The Devil wears Prada, because Old Nick has no twin saddle bags of superfluous flesh cascading at his back pockets, and suffers not from DunLop's Disease*! Theologically, Old Scratch looks "Faaaabulous!" - trim and fastidiously turned out and ready to cut some of the weak ones out of the Herd! No Wingman, He! Silks and Satins and Satan's own good time!
The rest of us gents? Me anyway - Armani would be a suicide pilot to attempt to gussy up this Old Roue.
The fashion folks have slapped together Man Hugging items and accessories that will be worn publicly by Victims: of ridicule;assault; uncontrolled laughter and closet space.
Heather Kenny at(Some)Chicago Reader makes a heroic case for Burbury Pirates and Versace Vampires.
Men's fashion is rarely as dramatic as the women's shows because men's clothing doesn't change as much from year to year. On the other hand, small touches can have big effect (which makes it easy to do a makeover on your boyfriend).
As If, Heather! Girls!

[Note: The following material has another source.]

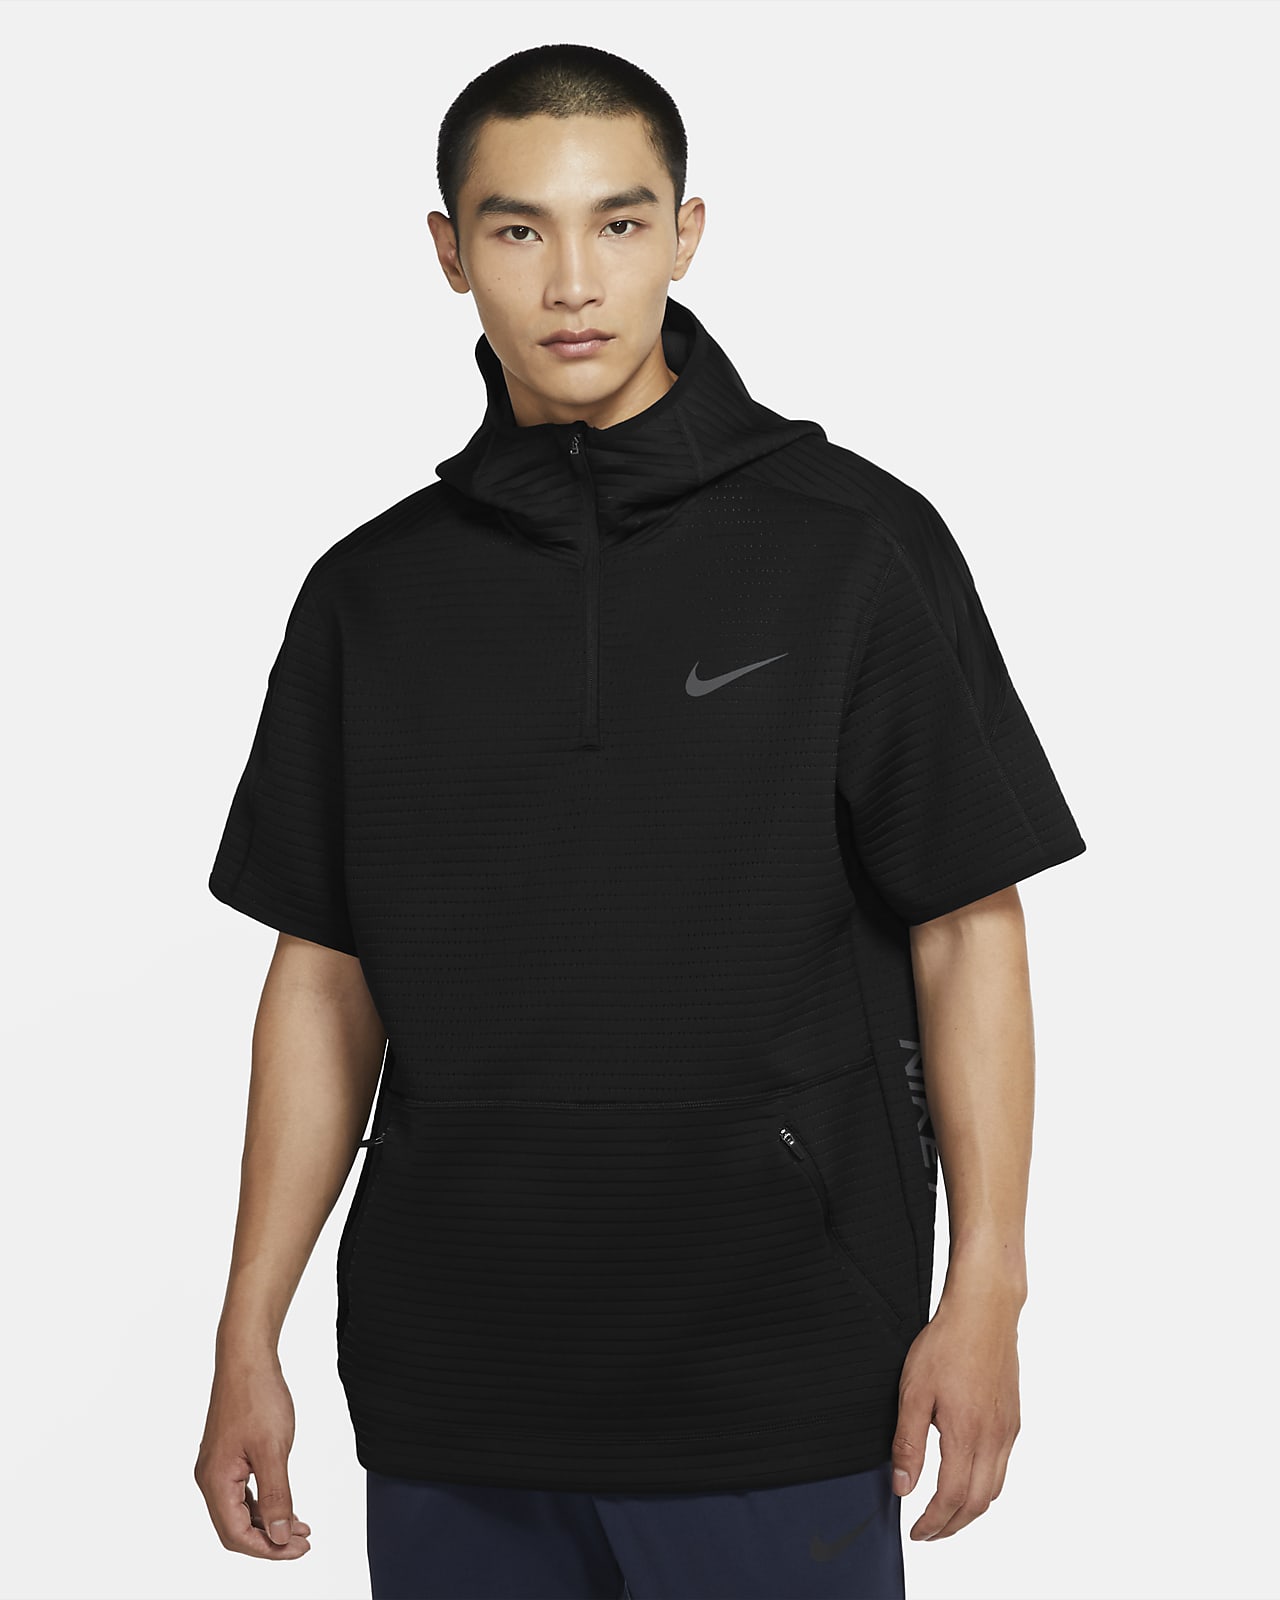 Sudadera con capucha de manga corta con cierre de 1/4 para hombre Nike Pro.  Nike.com
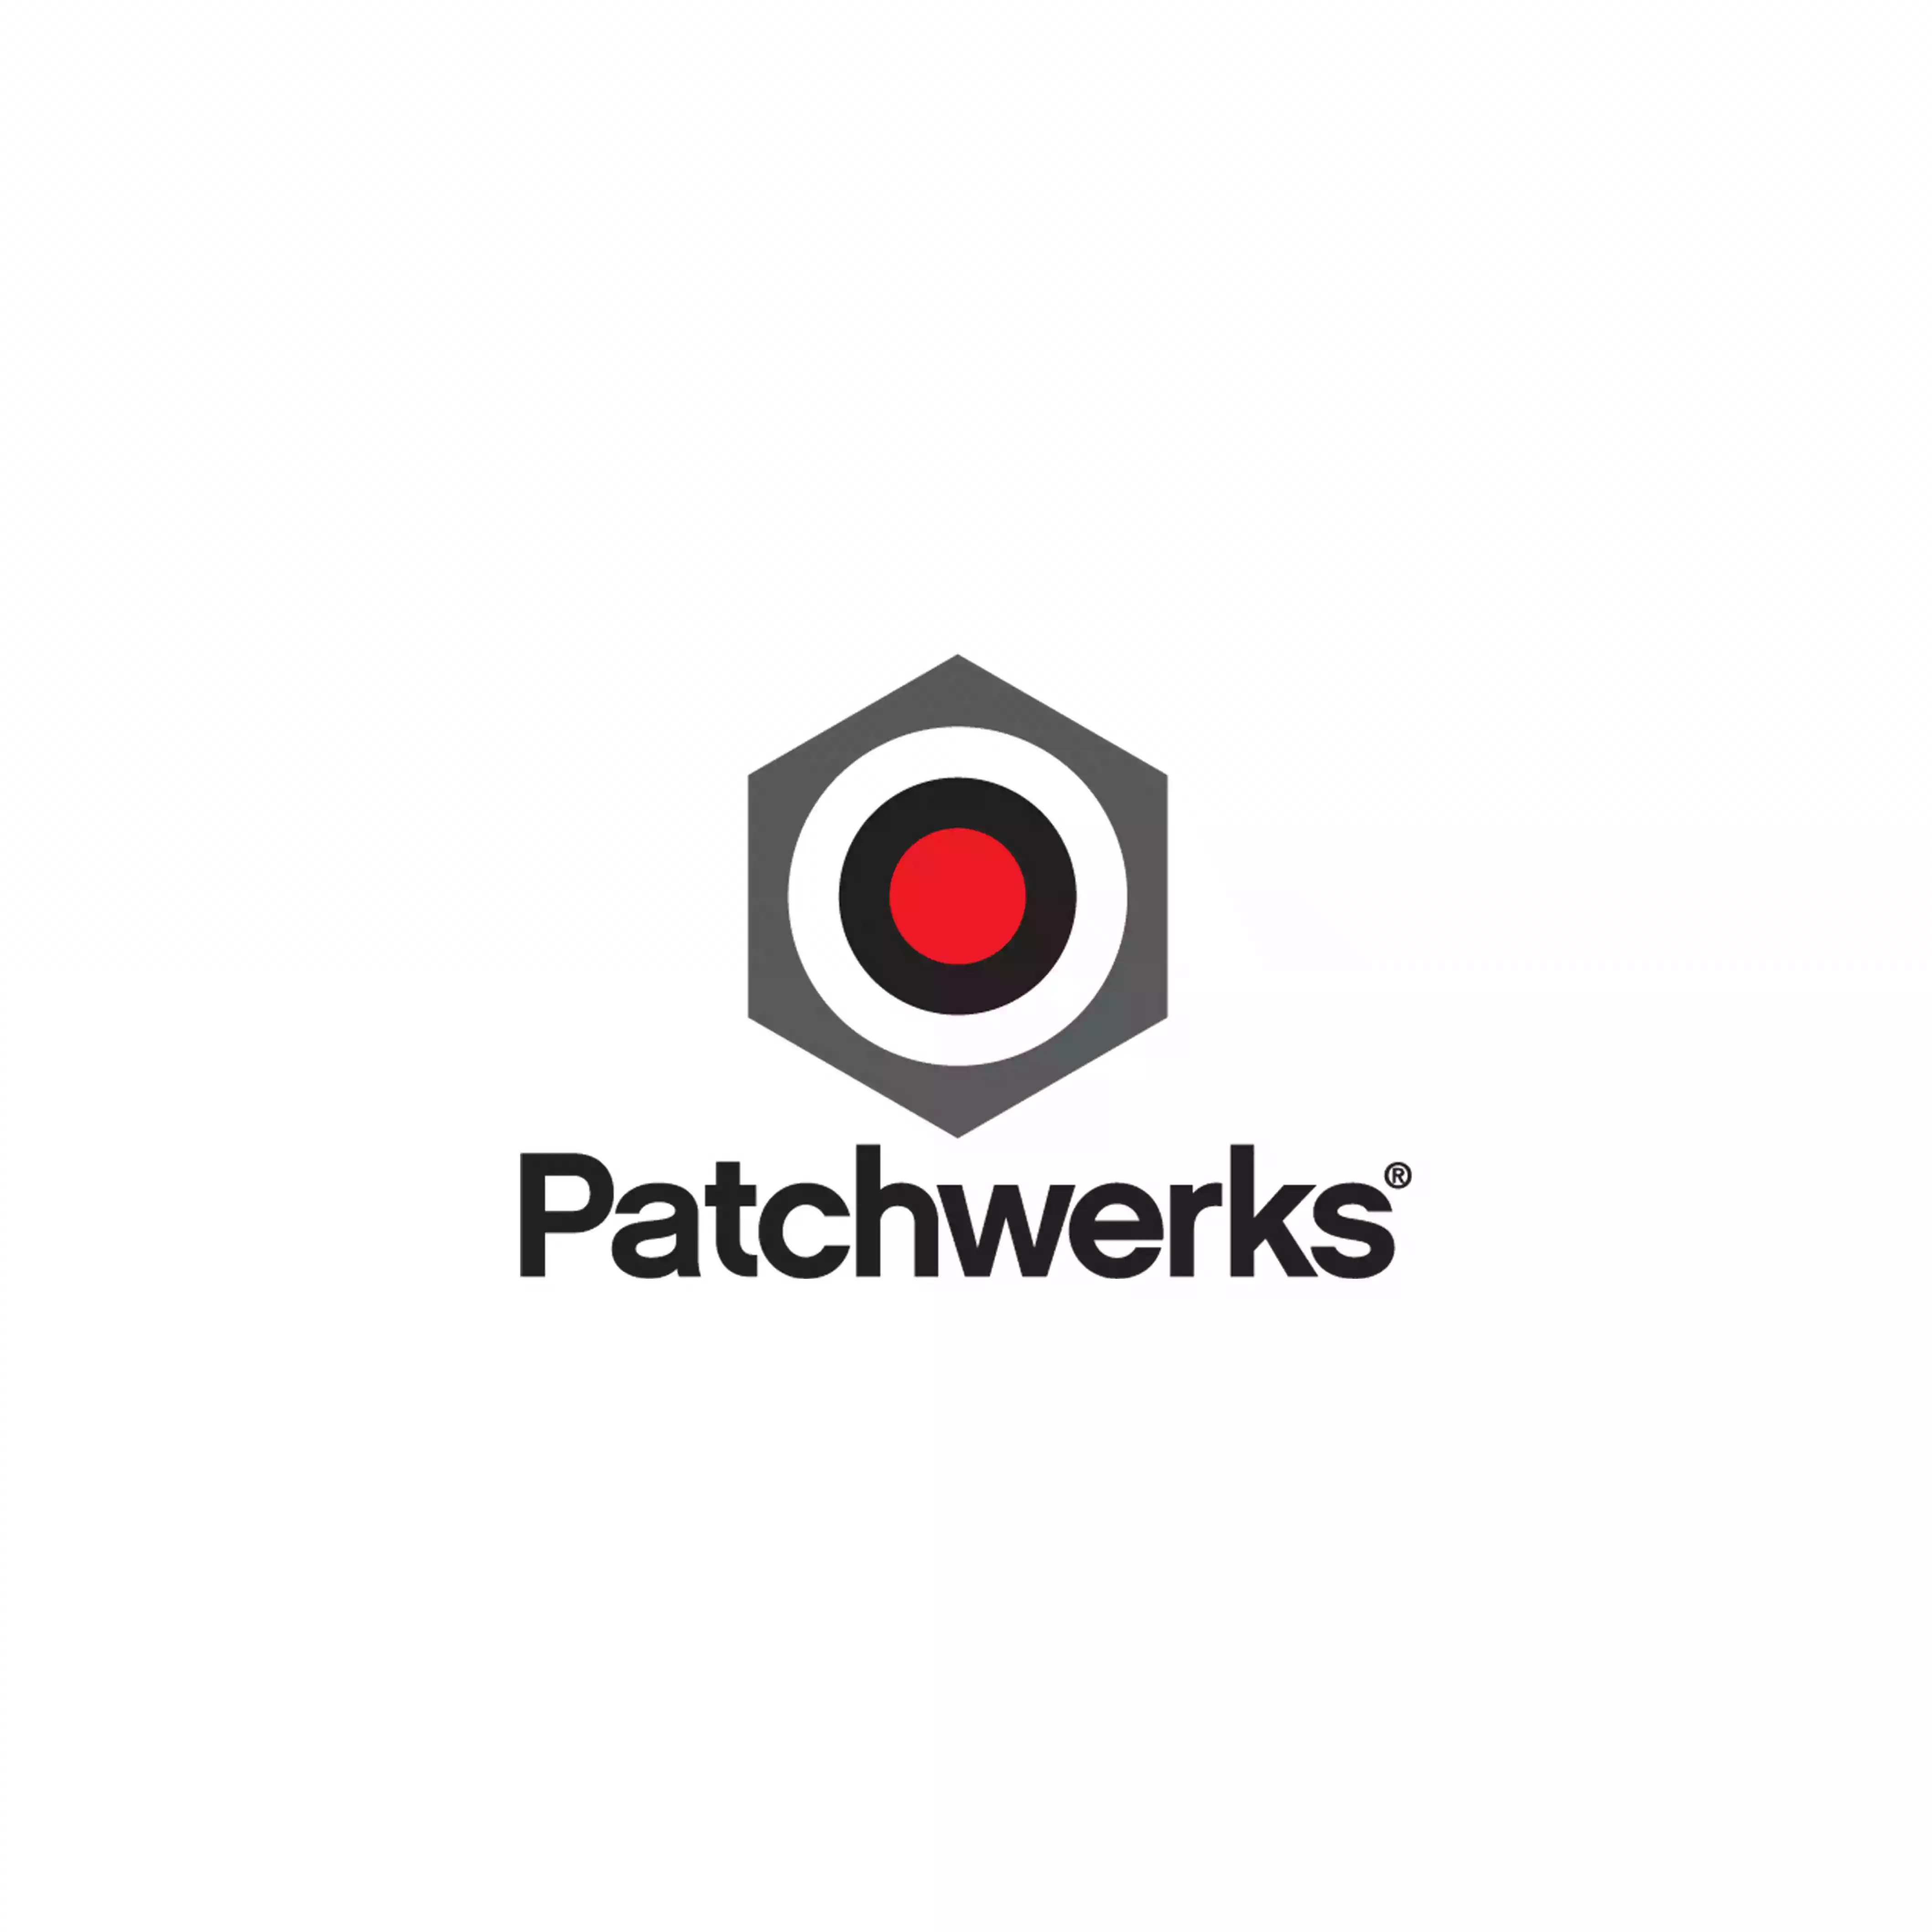 Patchwerks logo

Round up a gelding!
Two of the selections for Man 2010 Fall Collection are provided above: sinister and dextra- the gent in media res is wearing pretty much standard issue American Middle Age Male Mufti.
I find the buckishly grey gentleman, (conservative yes, but defiantly dashing in a blue blazer/Open Collar Oxford cloth button-down with manly white crew t-shirt apparent) to be eminently attractive. Ladies? N'cest Pas?
* dunlop's disease
When your belly Dun Lops Over Your Belt.
Hey, when Murph looks at a Menu he says, " Okay!"